Be direct. Say something like, “I’ve been thinking I’d like to wrap up our work. Can we talk about next steps?” A good therapist will welcome the conversation, help you plan a termination session to consolidate gains, and offer referrals if you want to switch. Ghosting your therapist is fine too, but a proper ending is usually more healing.

Does insurance cover therapy under the ACA?

Yes. Under the Affordable Care Act, mental health services are an Essential Health Benefit, so most insurance plans (employer-sponsored, marketplace, Medicaid, Medicare) must cover therapy at parity with physical health care. What varies is your copay, deductible, and which therapists are in-network. Call your insurance to confirm specifics before your first appointment.

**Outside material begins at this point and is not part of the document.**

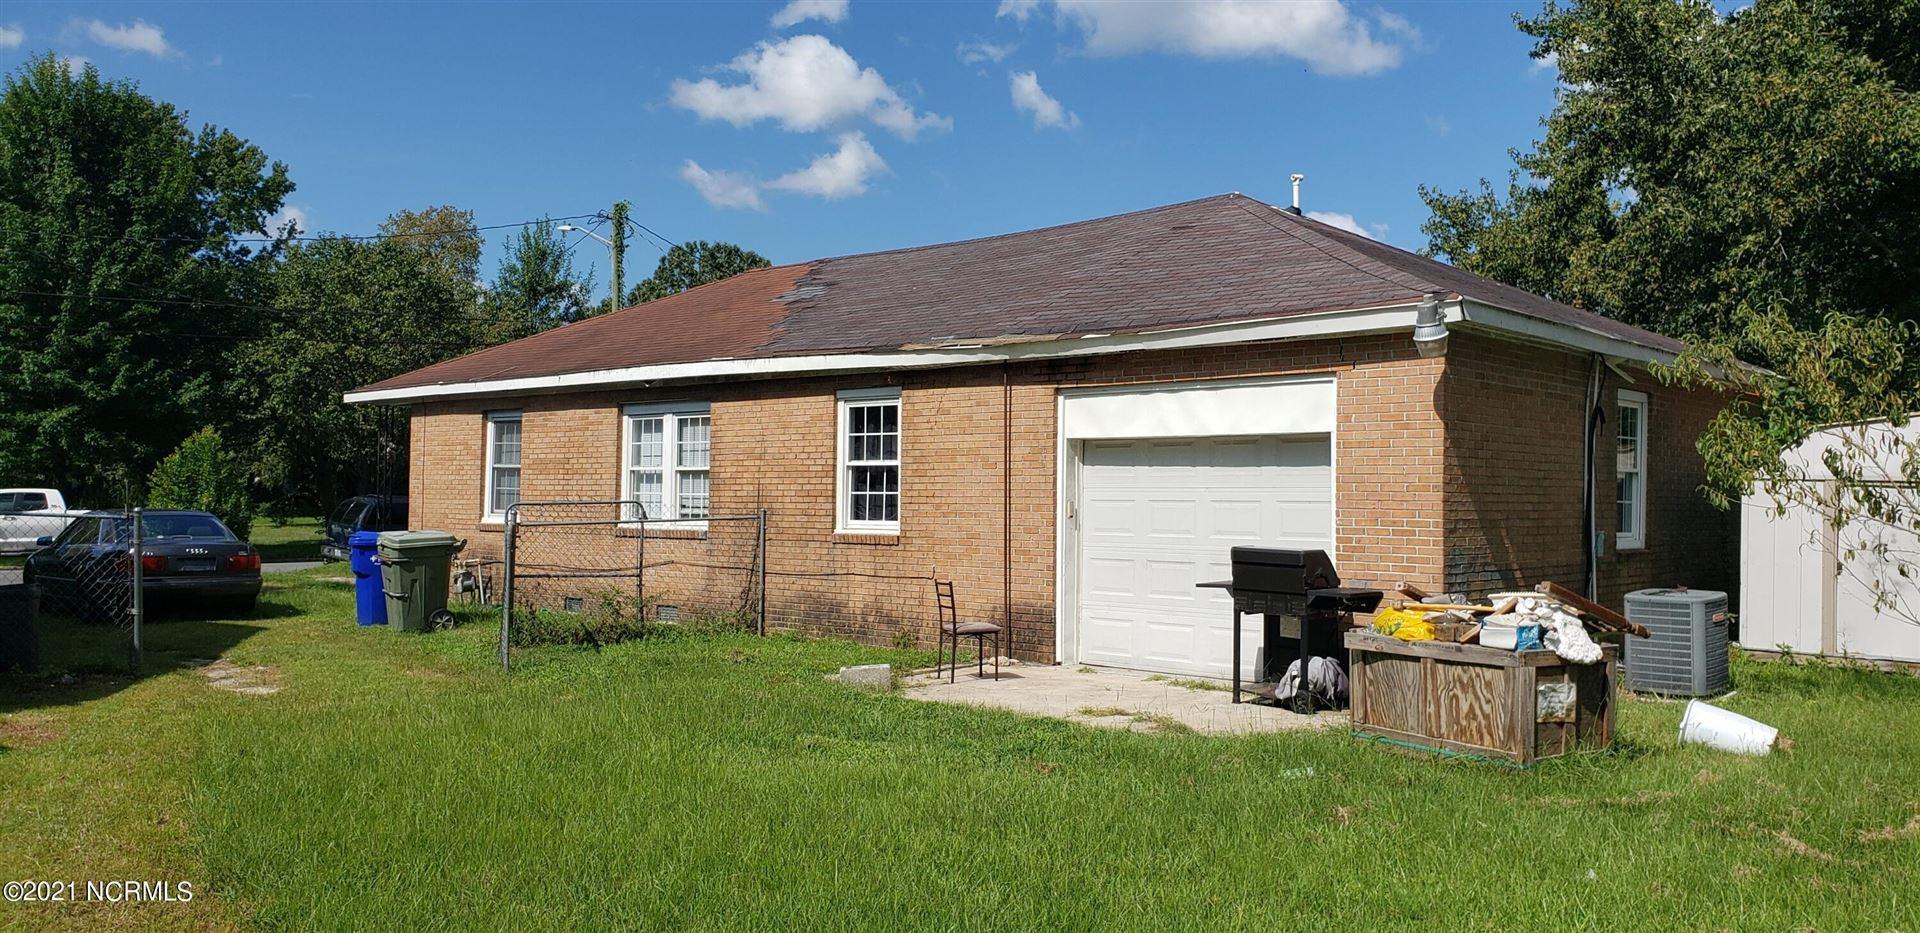 Photo of 712 Vanderbilt Lane, Greenville, NC 27834 (MLS # 100288755)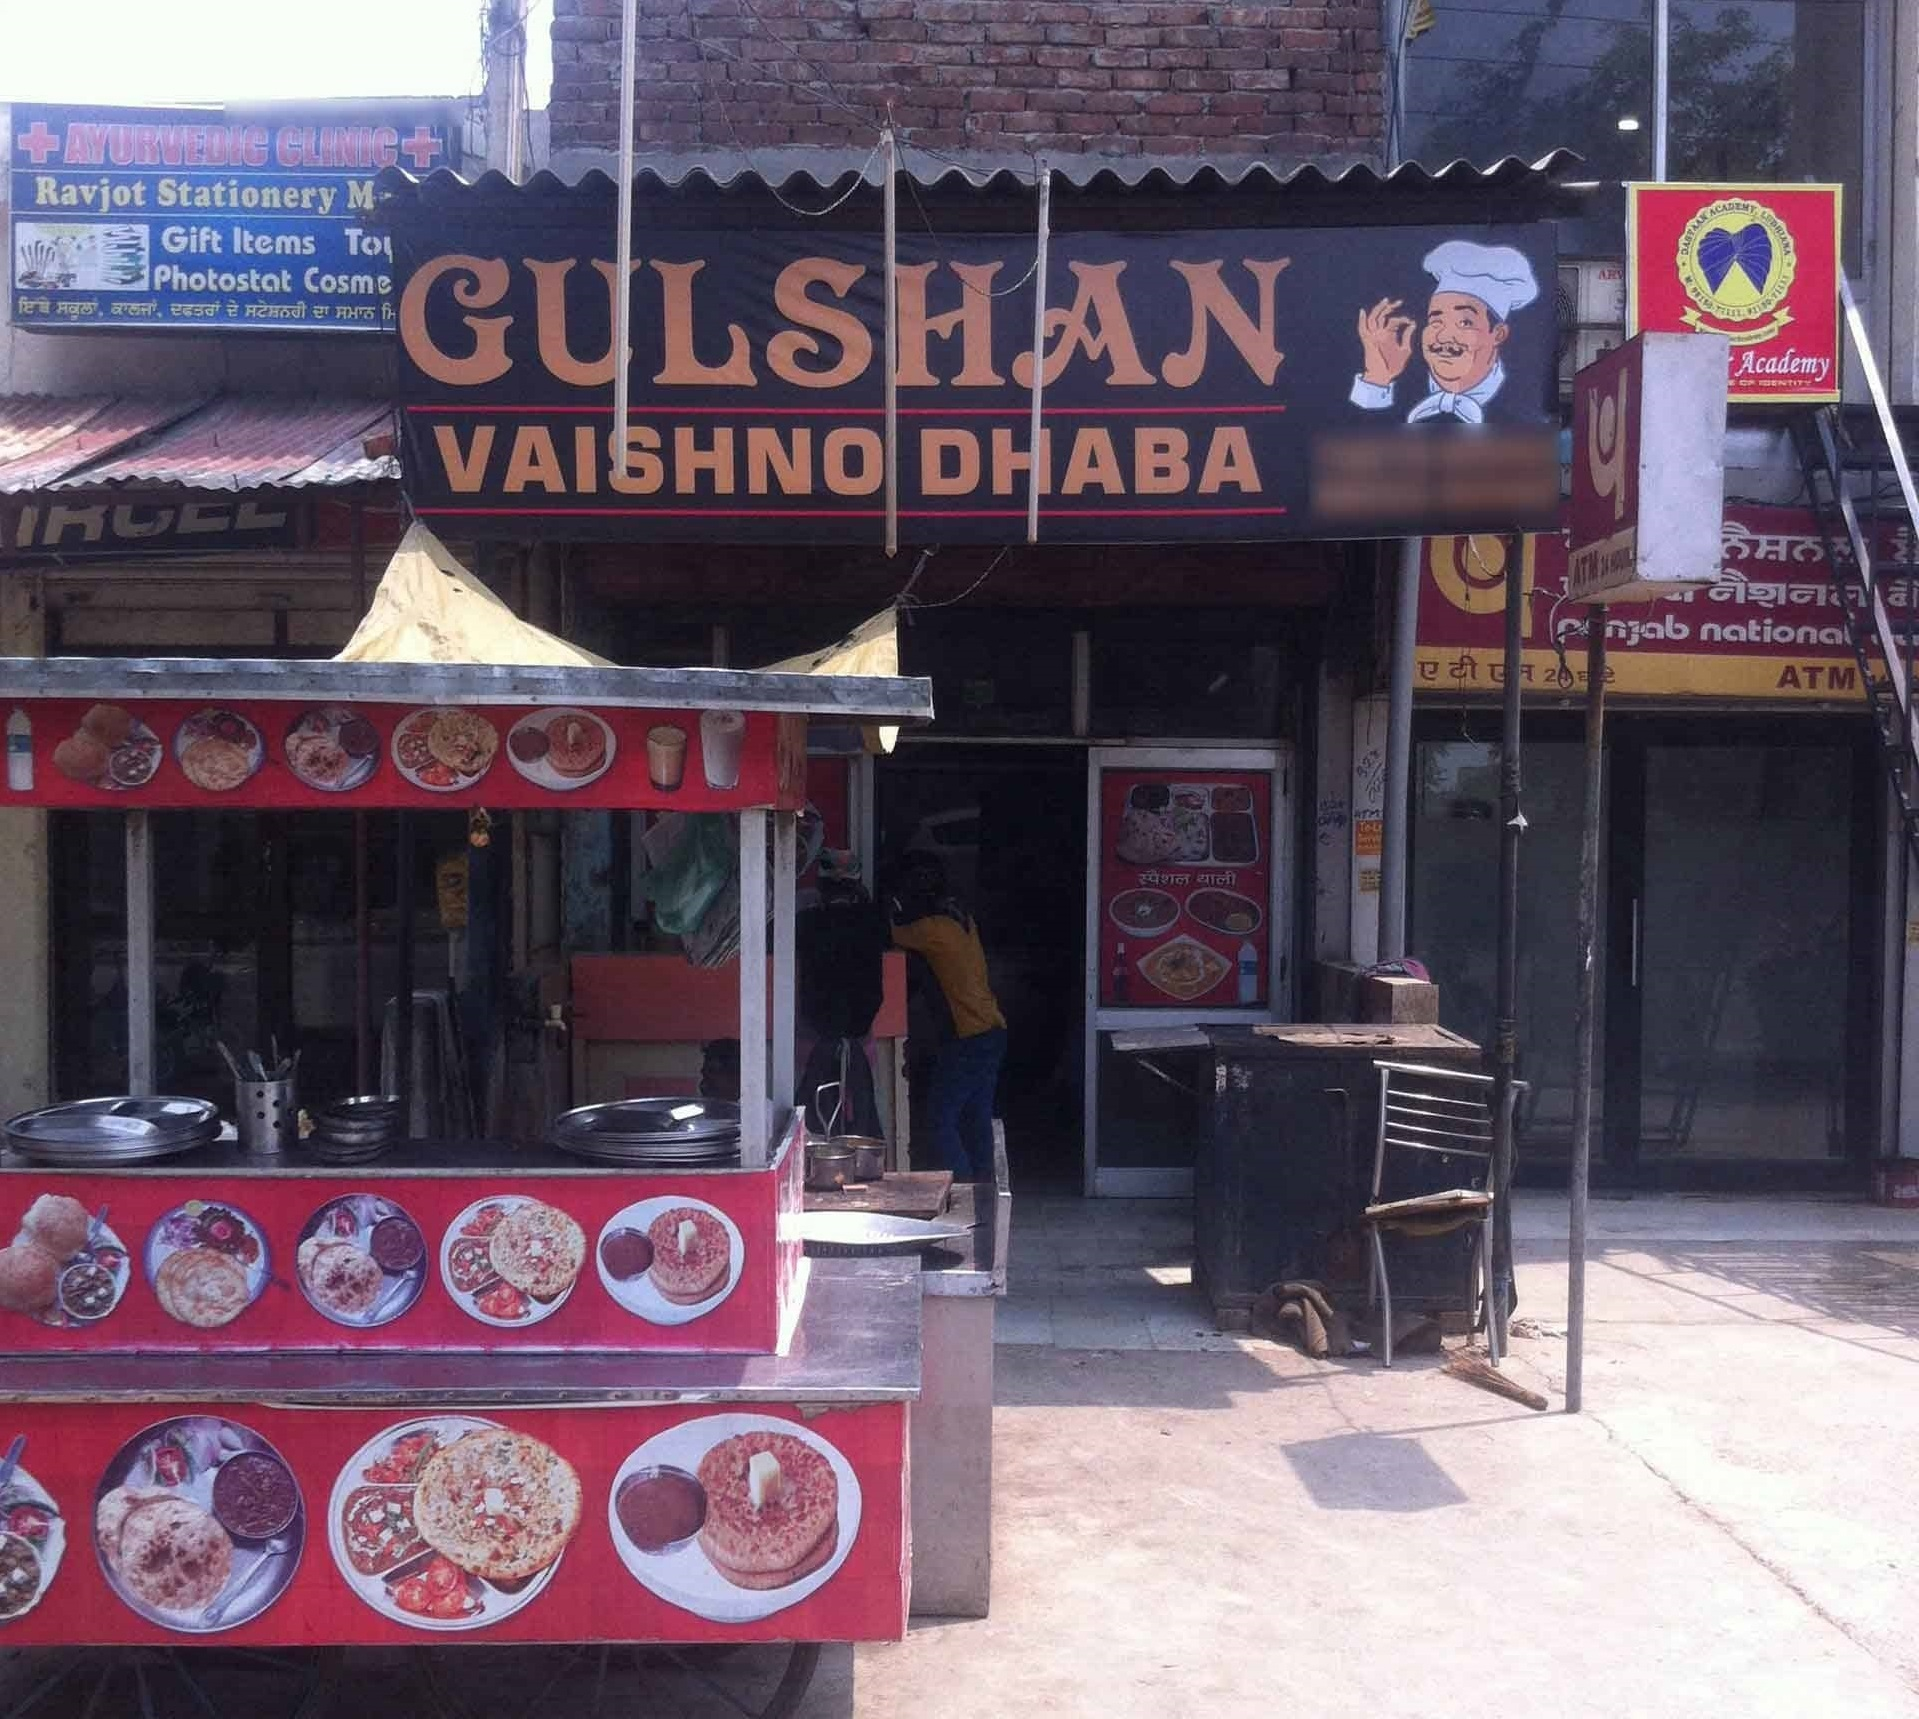 Gulshan Non Veg Dhaba - Dugri - Ludhiana Image

What should I do in a mental health crisis?

Call or text 988, the US Suicide & Crisis Lifeline, for free 24/7 support anywhere in the country. If you or someone else is in immediate physical danger, call 911 or go to the nearest emergency room. For non-emergency mental health support, the SAMHSA National Helpline (1-800-662-4357) offers free, confidential treatment referrals 24 hours a day.

Disclaimer: This article is for informational purposes and is not medical advice. It is not a substitute for diagnosis or treatment by a licensed mental health professional. If you are experiencing a mental health emergency, call or text 988 in the United States, or call 911. Consult a qualified provider before making decisions about your mental health care.